6. Kasus keracunan gas sarin

Pada tanggal 20 Maret 1995, gas sarin digunakan di sebuah kereta bawah tanah Tokyo
oleh anggota kultus "Uhm-Shinrikiu" Jepang, menewaskan 12 orang dan melukai>
5.500 orang yang tidak bersalah. Sebagian besar korban luka ringan.

Seorang pria berusia 72 tahun terkena serangan gas sarin memaparkan bahwa setelah
terpapar, dia merasa adanya ketidaknyamanan pada mata, sesak dada, sakit kepala
dan kelemahan pada tungkai bawah dan otot orofaring.Terlepas dari gejala ini, ia
mengunjungi sumber air panas pada hari yang sama dengan keluarganya. Pada
tanggal 25 Maret, kelemahan ototnya berkembang, dan demam. Kelemahan ototnya
menghilang 8 hari setelah terpapar sarin, namun sesak napas berkembang dengan
cepat, sehingga membutuhkan ventilasi buatan dalam empat hari setelah dirawat di
rumah sakit pada tanggal 28 Maret. Kemoterapi dengan eritromisin, imipenem /
cilastatin, dan terapi nadi steroid adalah begu. PCR dan kultur dahak yang dikumpulkan
oleh bronchofiberscopy positif untuk Legionella pneumophila, serogroup I. Negara
pernafasannya membaik, namun selanjutnya terinfeksi dengan Pseudomonous
aeruginosa.Enterobacter cloacae, dan Candida tropicalis / glabrata menyebabkan
kematiannya 71 hari setelah masuk.
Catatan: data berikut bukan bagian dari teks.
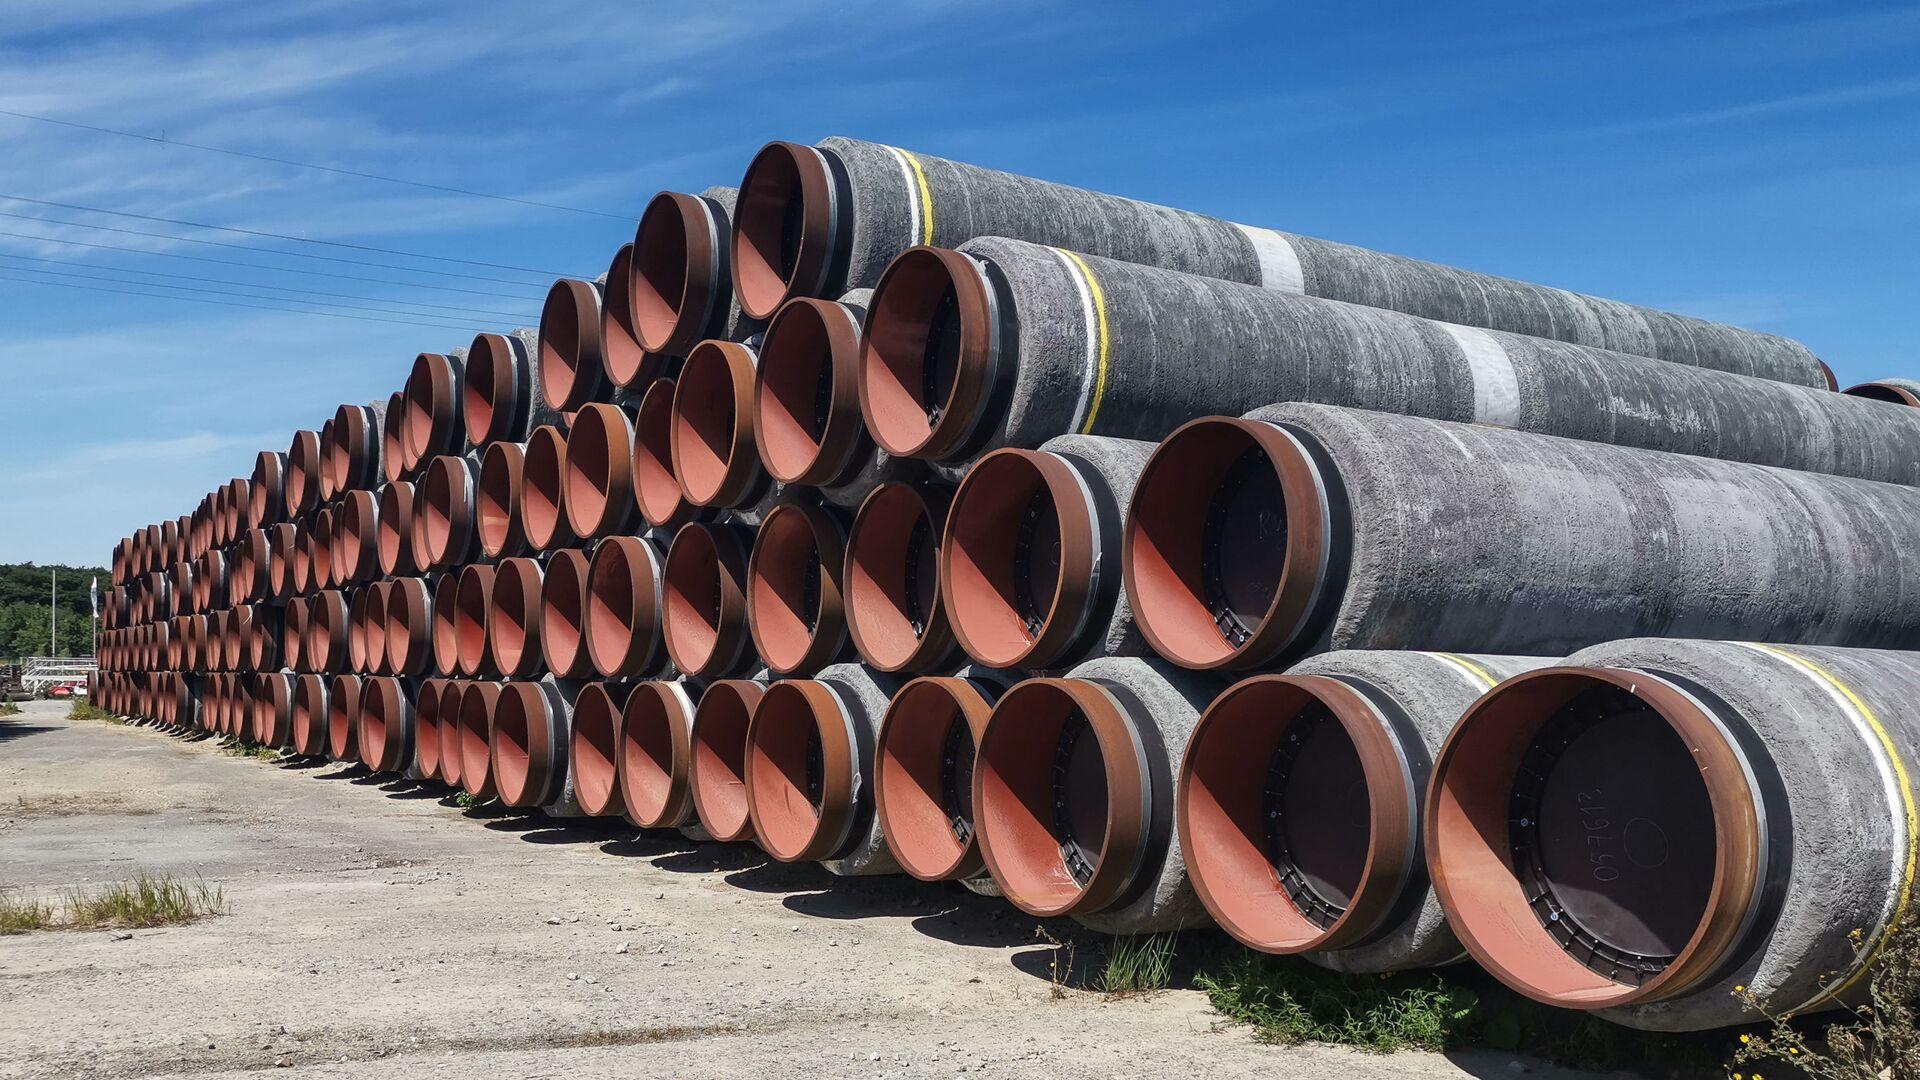 Tuberías para el gasoducto Nord Stream 2 - Sputnik Mundo, 1920, 03.03.2021

Kelemahan otot oropharyngeal yang disebabkan
oleh penghambatan cholinesterase sarin-dimediasi diduga kuat sebagai penyebab
aspirasi air panas.Transbronchial biopsi paru mengungkapkan pengorganisasian
pneumonia dengan fibrosis.Temuan bronkoskop termasuk kemerahan, edema dan
kerapuhan dari semua area yang terlihat di jalan napas, yang diduga disebabkan oleh
bronkitis yang disebabkan oleh Legionellosis.